# DR. Kilmers Swamp Root bottle



## Tyler0212 (Jan 22, 2021)

Hey, I recently dug up this old bottle. Wondering if there’s much value or if it is a sought after piece at all. Thanks.


----------



## Nickneff (Jan 22, 2021)

Tyler0212 said:


> Hey, I recently dug up this old bottle. Wondering if there’s much value or if it is a sought after piece at all. Thanks.View attachment 217553View attachment 217554View attachment 217555View attachment 217556


I always have like the dr.
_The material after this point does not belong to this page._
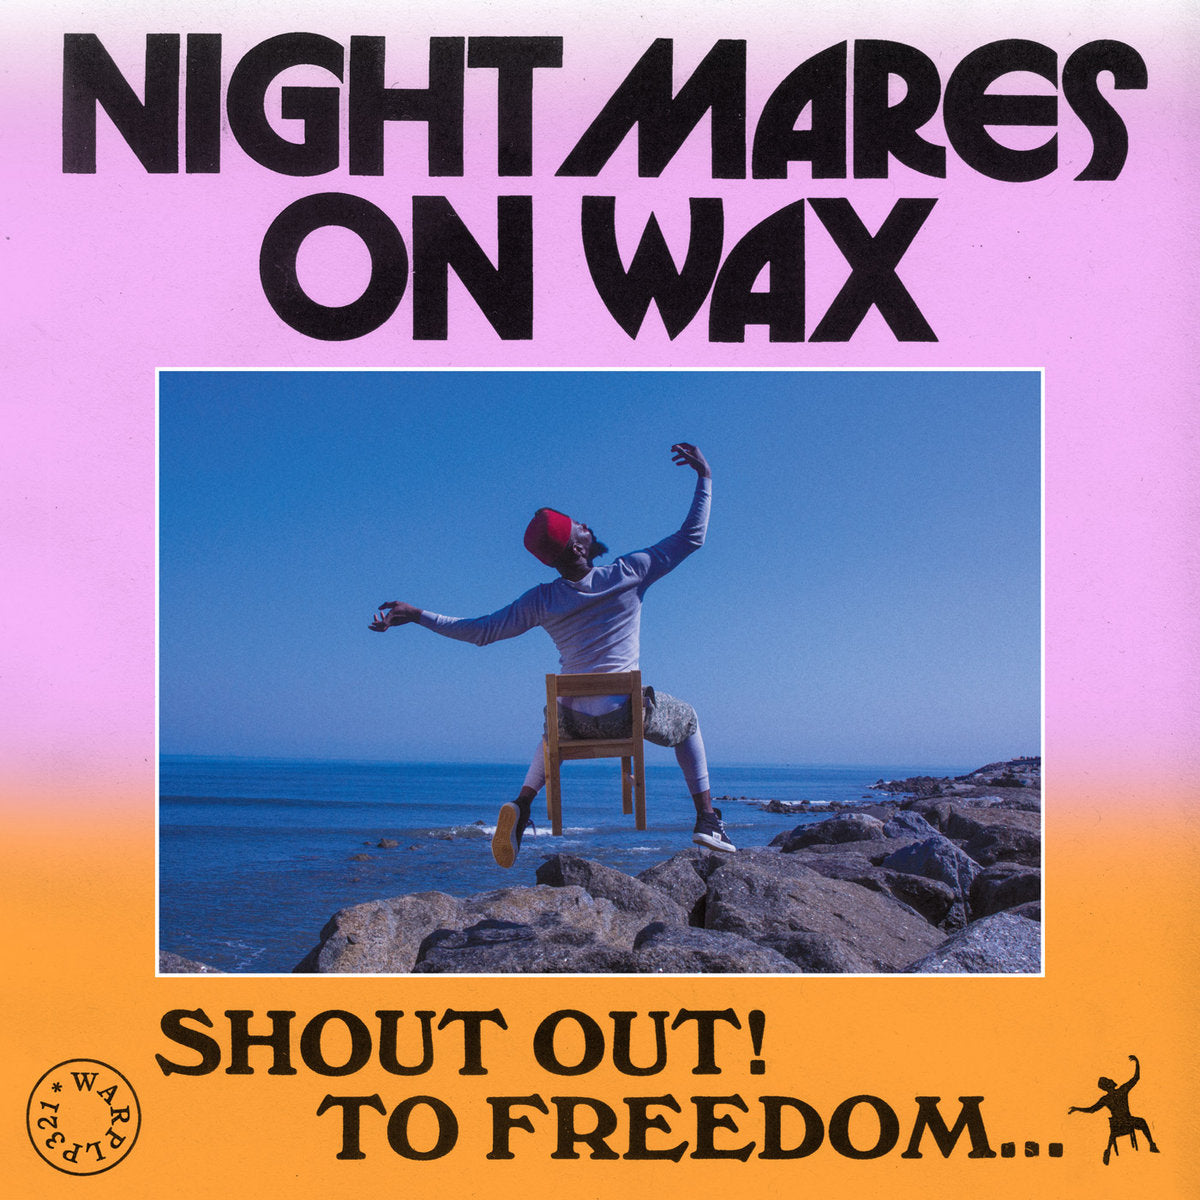 Nightmares On Wax - Shout Out! To Freedom... [blue vinyl]
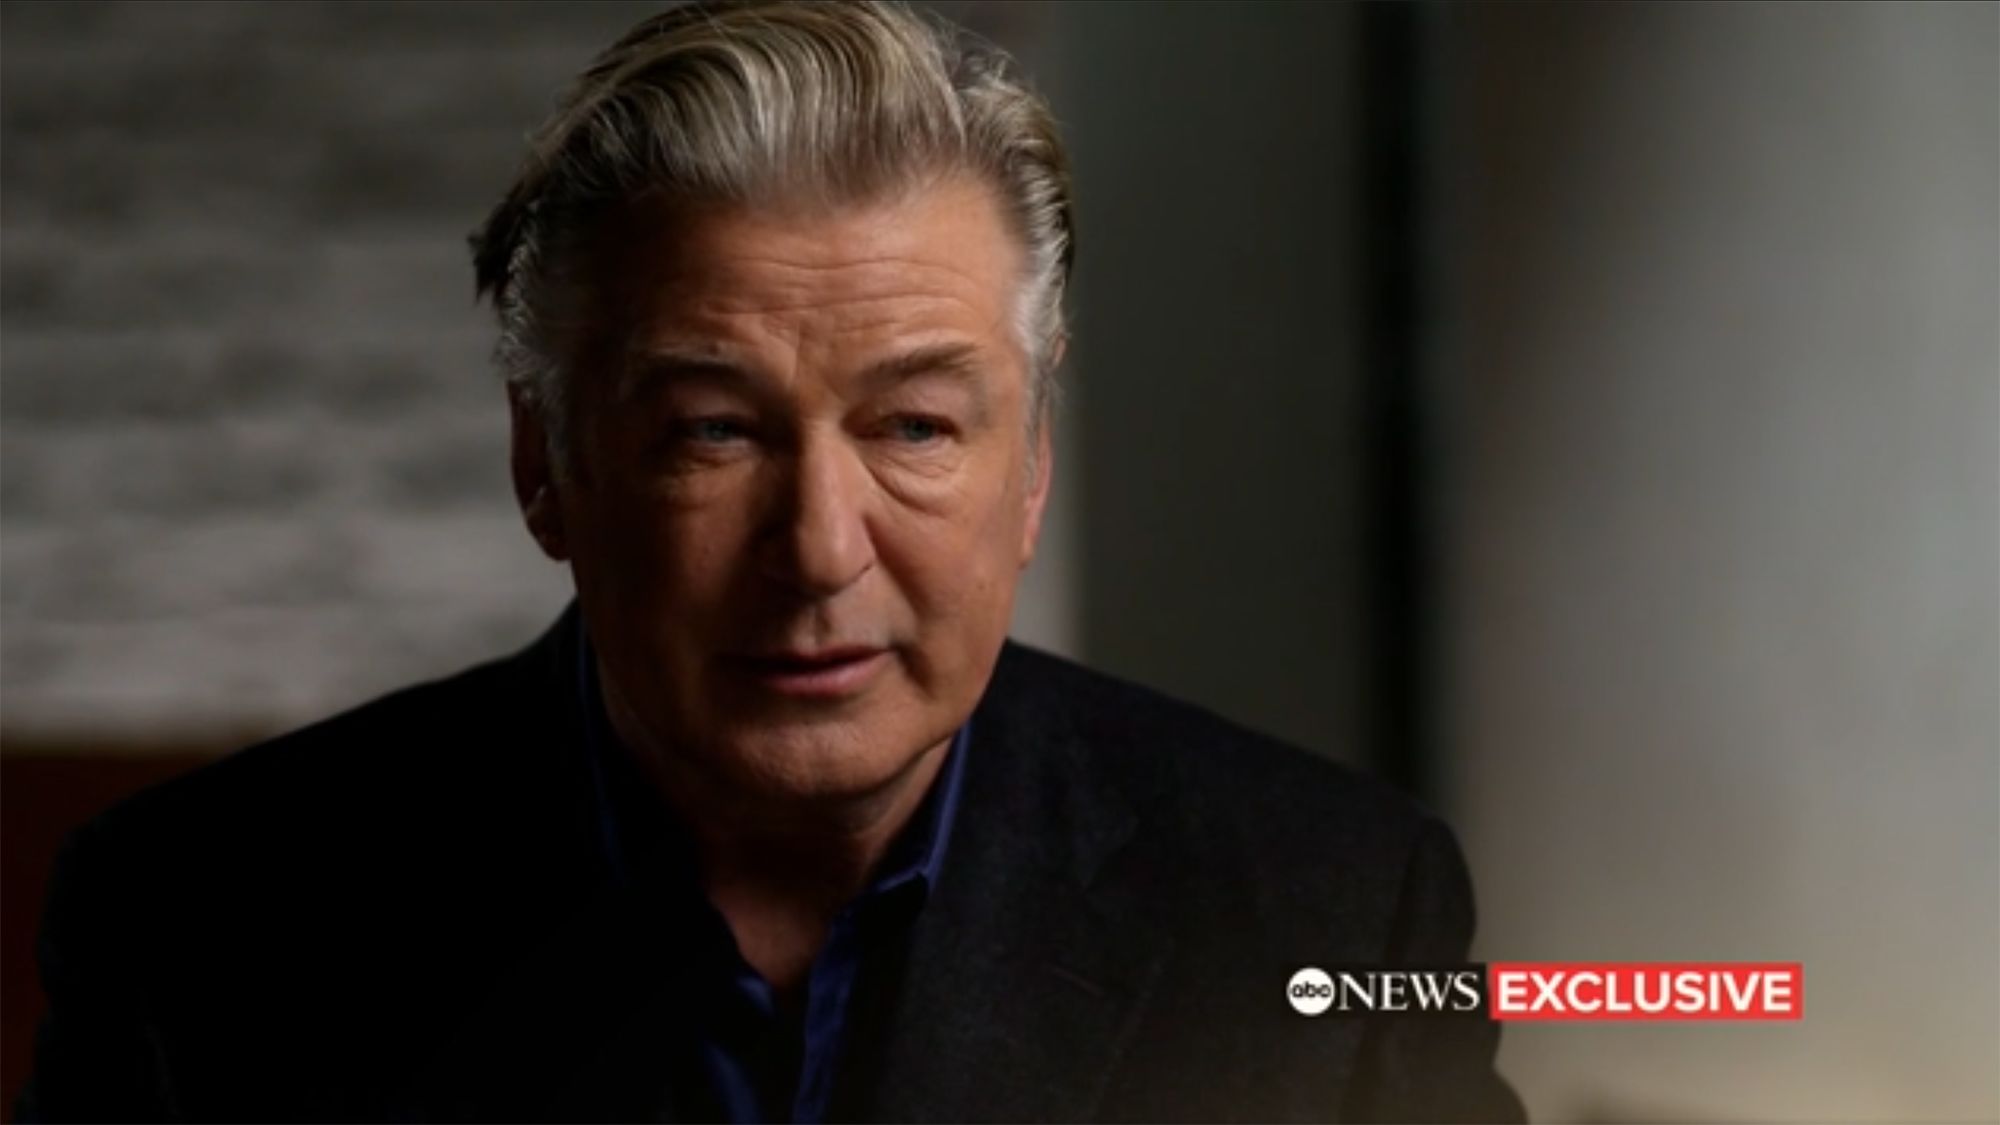 A series of videos exclusively obtained by NBC News show #AlecBaldwin , Alec Baldwin

Kilmer's I think they're the neatest looking bottles also a really neat bottle is is a hoods they're cool too but as far as value the value on them is not very high


----------



## nhpharm (Jan 22, 2021)

We dig a lot of them in Texas.  Maybe worth $5 or so.  Watch for the heart or lung ones...


----------



## Fenndango (Jan 23, 2021)

Seaweed..is that the heart one? Seaweed Ocean Remedy or something?


----------



## ROBBYBOBBY64 (Jan 23, 2021)

Fenndango said:


> Seaweed..is that the heart one? Seaweed Ocean Remedy or something?


Yes it is.
ROBBYBOBBY64.


----------